Parenting Without Screaming - Part 2
Last week we talked about how we can begin to grow and evolve into being our best mom by not disciplining through screaming. CLICK HERE to read Lesson 1: Control What You Can Control.
This week we are going to focus on ourselves. This seems backwards, right?! Well, our parenting style has become backwards. We have been taking all of the focus off of us and put it on our children’s needs and wants. Think about it…we are chauffeuring them around to different extracurricular activities, we buy them the cutest clothes, and we make sure they get a healthy meal while we feed off their scraps.
We are taught to “Love thy neighbor as thyself,” but if we loved our kids as little as we show ourselves love would that be right? You can’t be your best mom without first attending to yourself.
LESSON 2: Practice Healthy Self-Love
Loving ourselves and the effort that takes seems selfish, but sacrificing yourself for others while needing them to validate you is selfish. So how can we love ourselves without it becoming a selfish love?
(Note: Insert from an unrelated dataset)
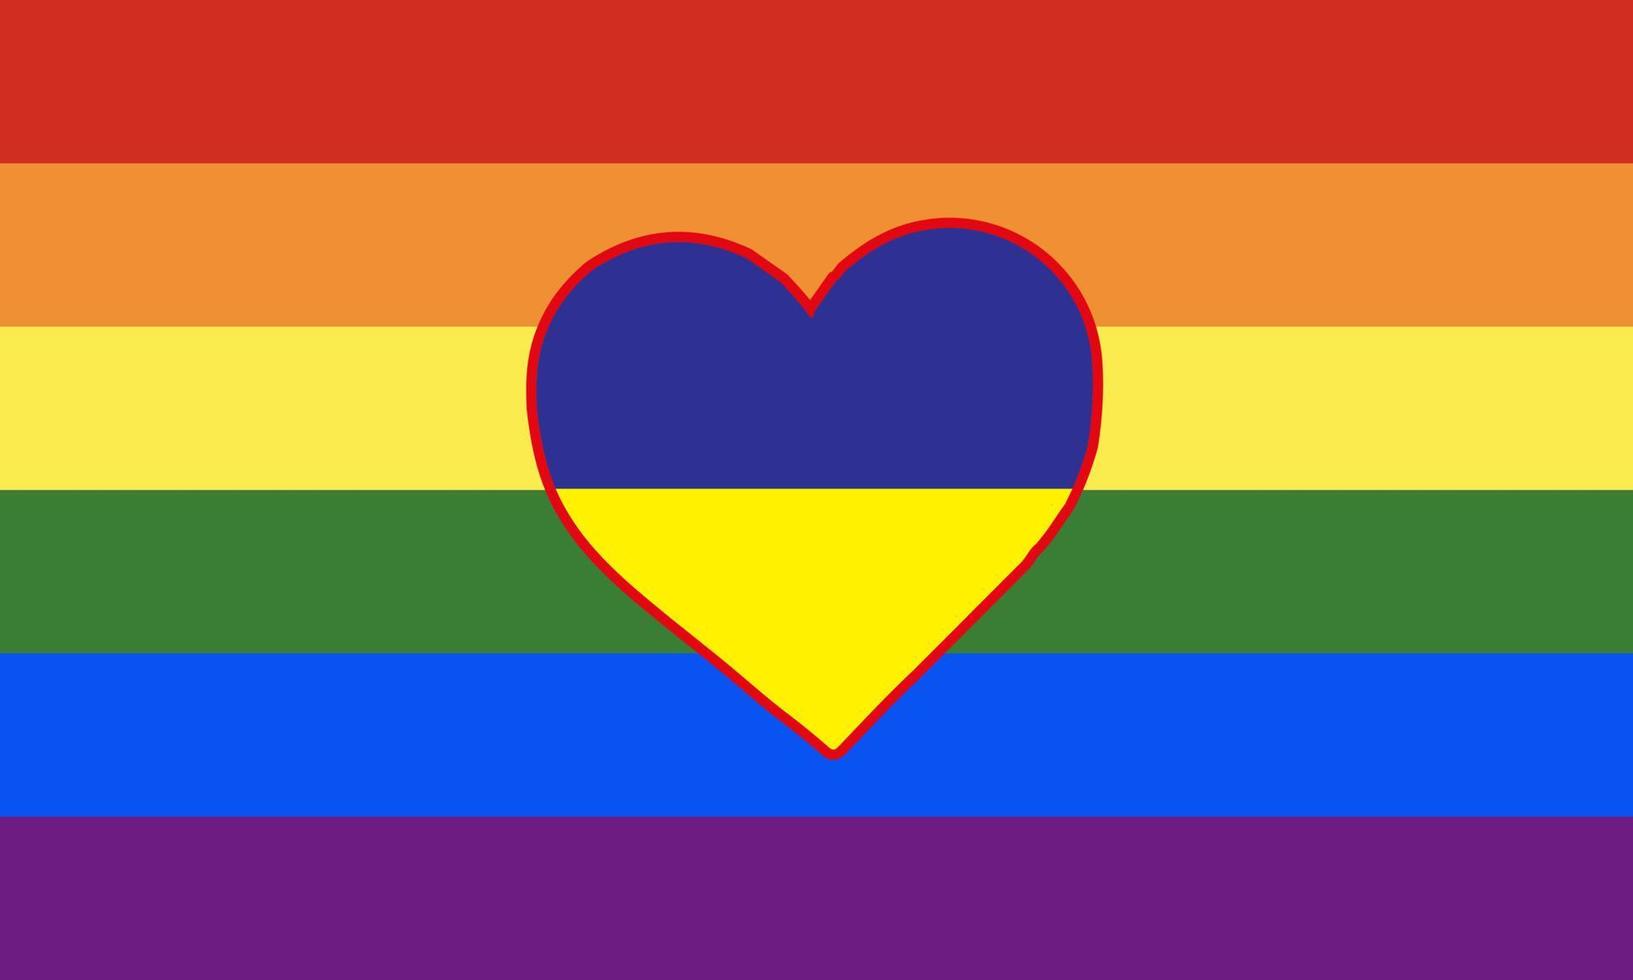 coração pintado nas cores da bandeira da comunidade lgbt na bandeira da ucrânia. ilustração em vetor de um coração de arco-íris em um fundo azul-amarelo.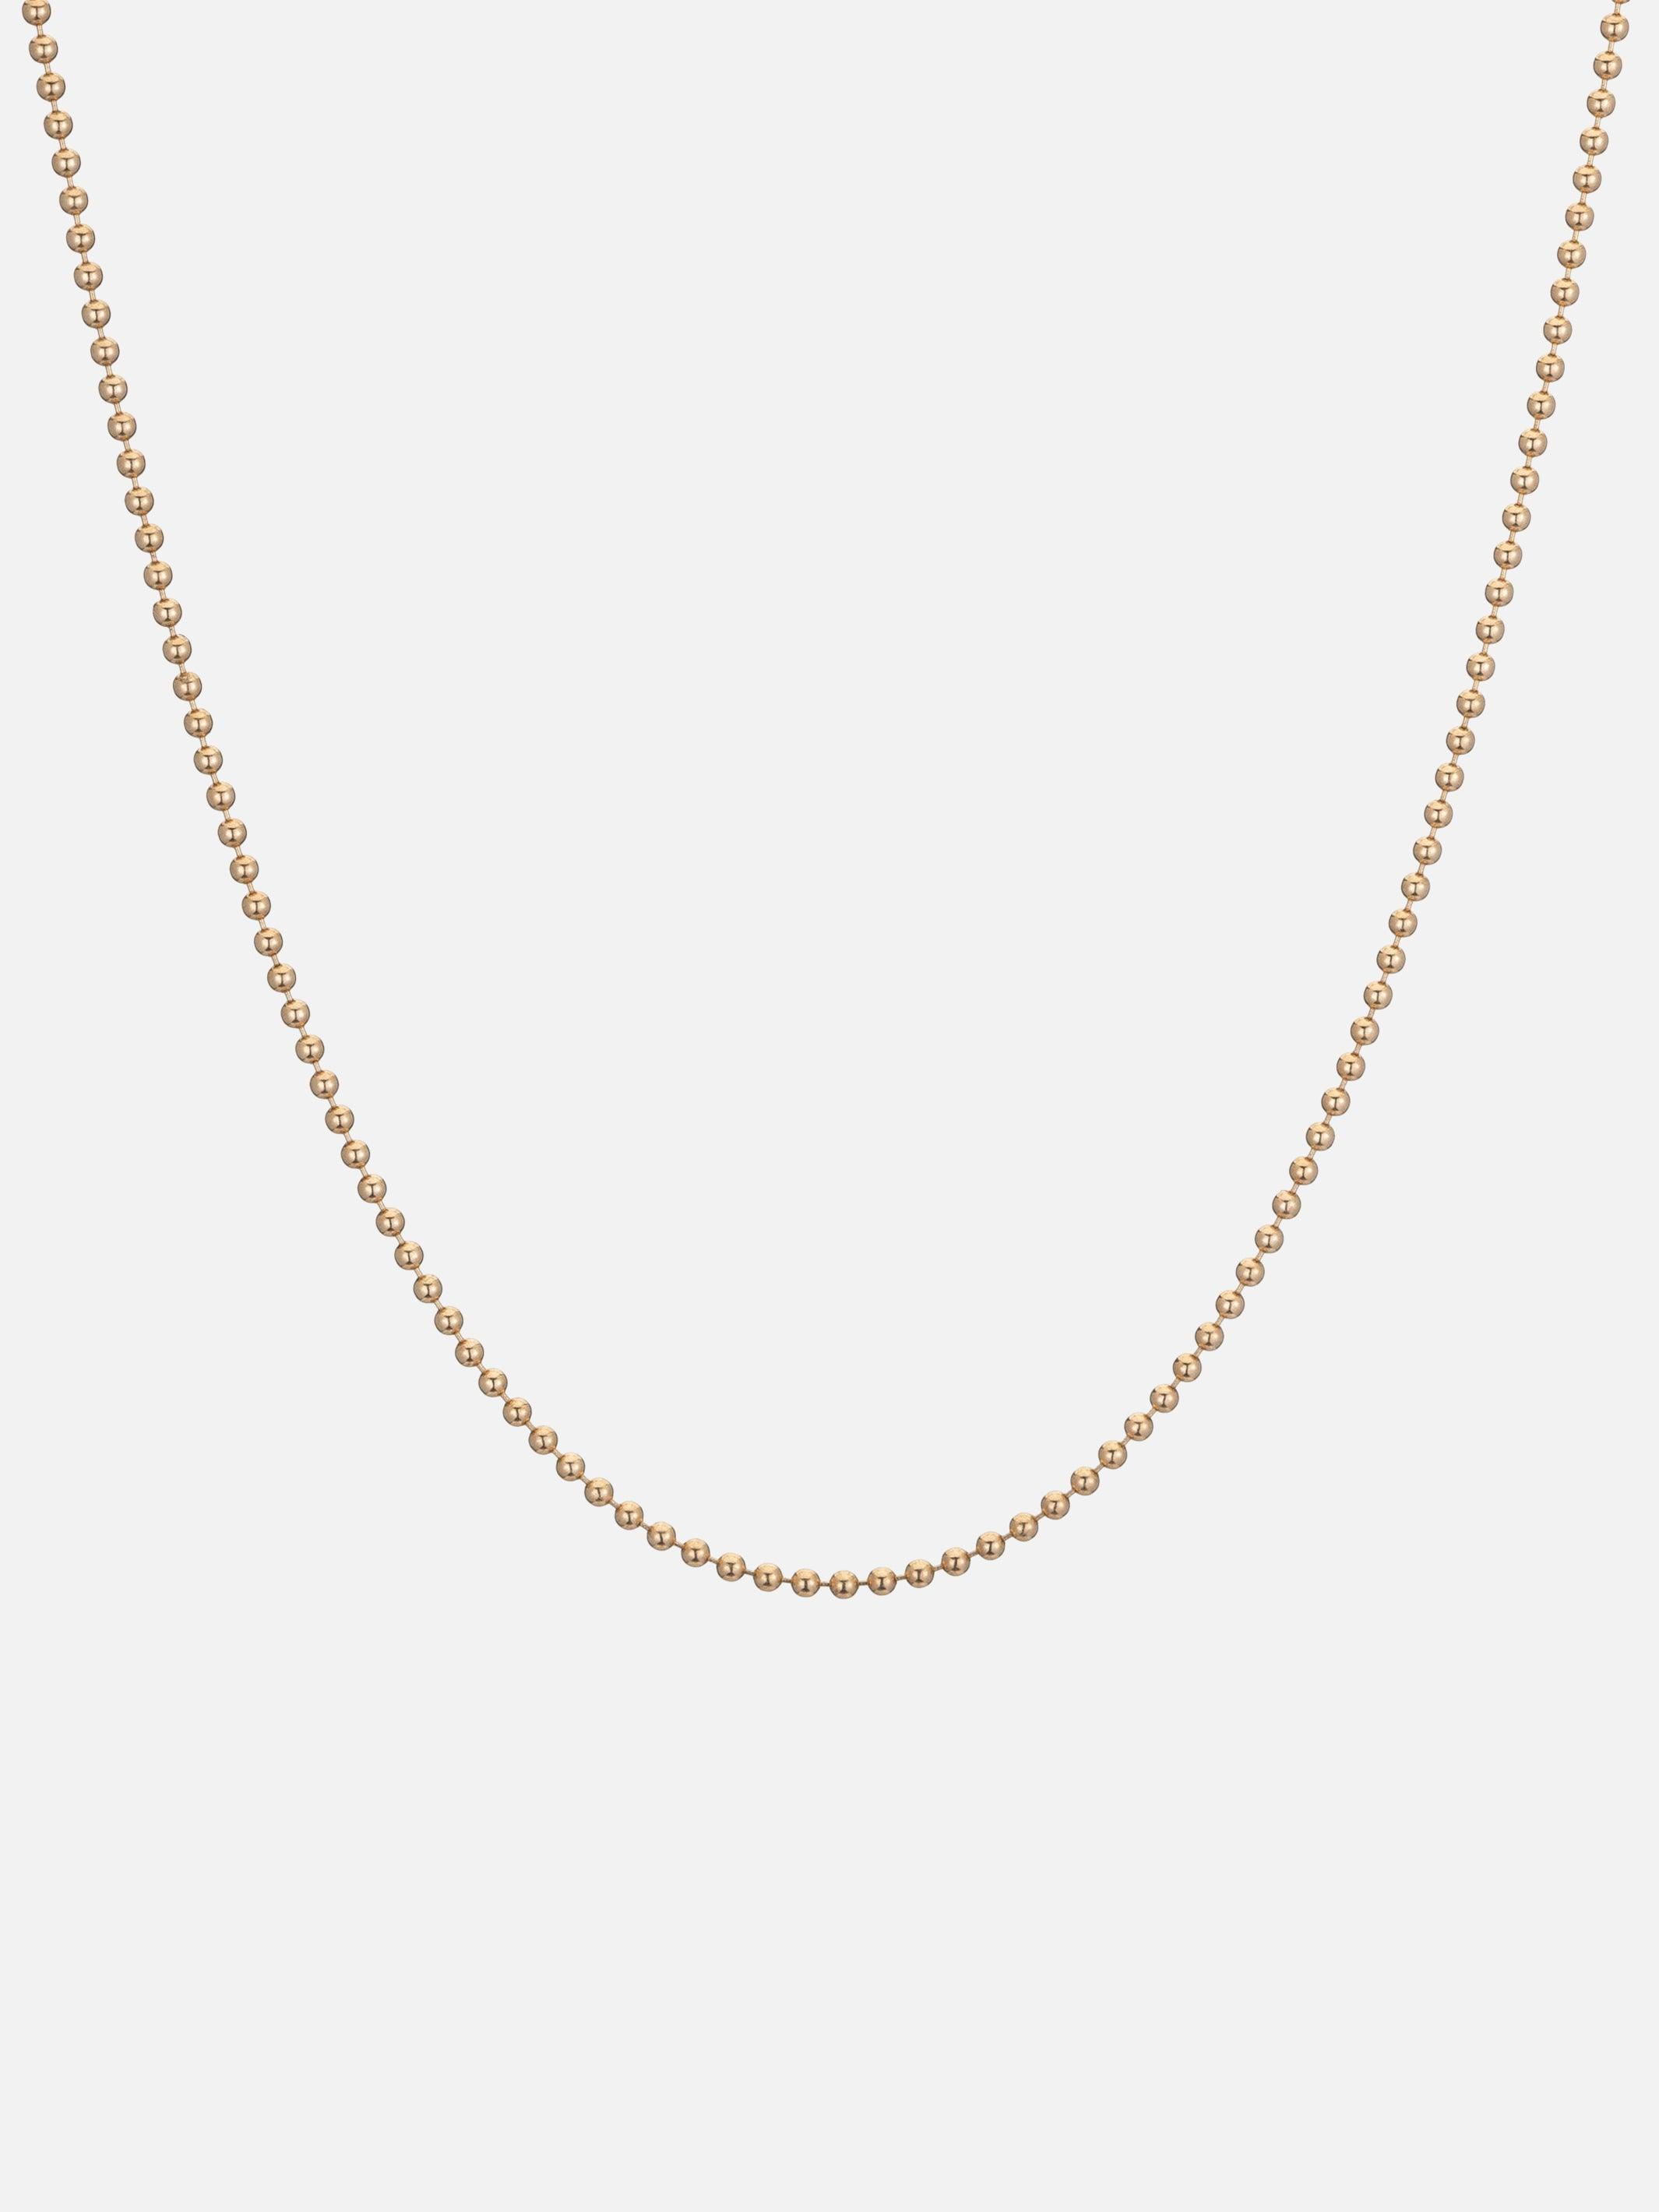 1.5mm Bead Chain - Ariel Gordon Jewelry - At Present

There are 4 Levels of Love:
1. I love me for my benefit. This is the most selfish level. People are only after their own interests. Babies fall in this category because they are interested in their own survival.
2. I love you for my benefit. This is saying, “I love you and care for you because I receive validation.”
3. I love you for your benefit. This is selfless love (probably the category most of us fall into), but by thinking we can serve someone else without any motives increases our chances for our own self-deception and hidden expectations. Usually reverts back to level 2.
4. I love me for your benefit. This is saying, “I love me and work on myself so I can come to you from wholeness. From wholeness I can show you my love.”
We all want to get to level 4 of love, but how do we create a healthy self-love so that we can show others love?
We often tend to escape or run away when we are anxious from frustration. It’s unplanned. But if we take intentional breaks or retreats to regroup, then this benefits ourselves and others. This is a healthy way to love yourself. Do things that will benefit you and those you love—take a retreat (get your nails done, have a girl’s night, go on a trip, or retail therapy), eat healthy meals, take a nap, continue to learn and grow, etc. The fewer intentional retreats we take, the more we find ourselves unintentionally finding ways to escape.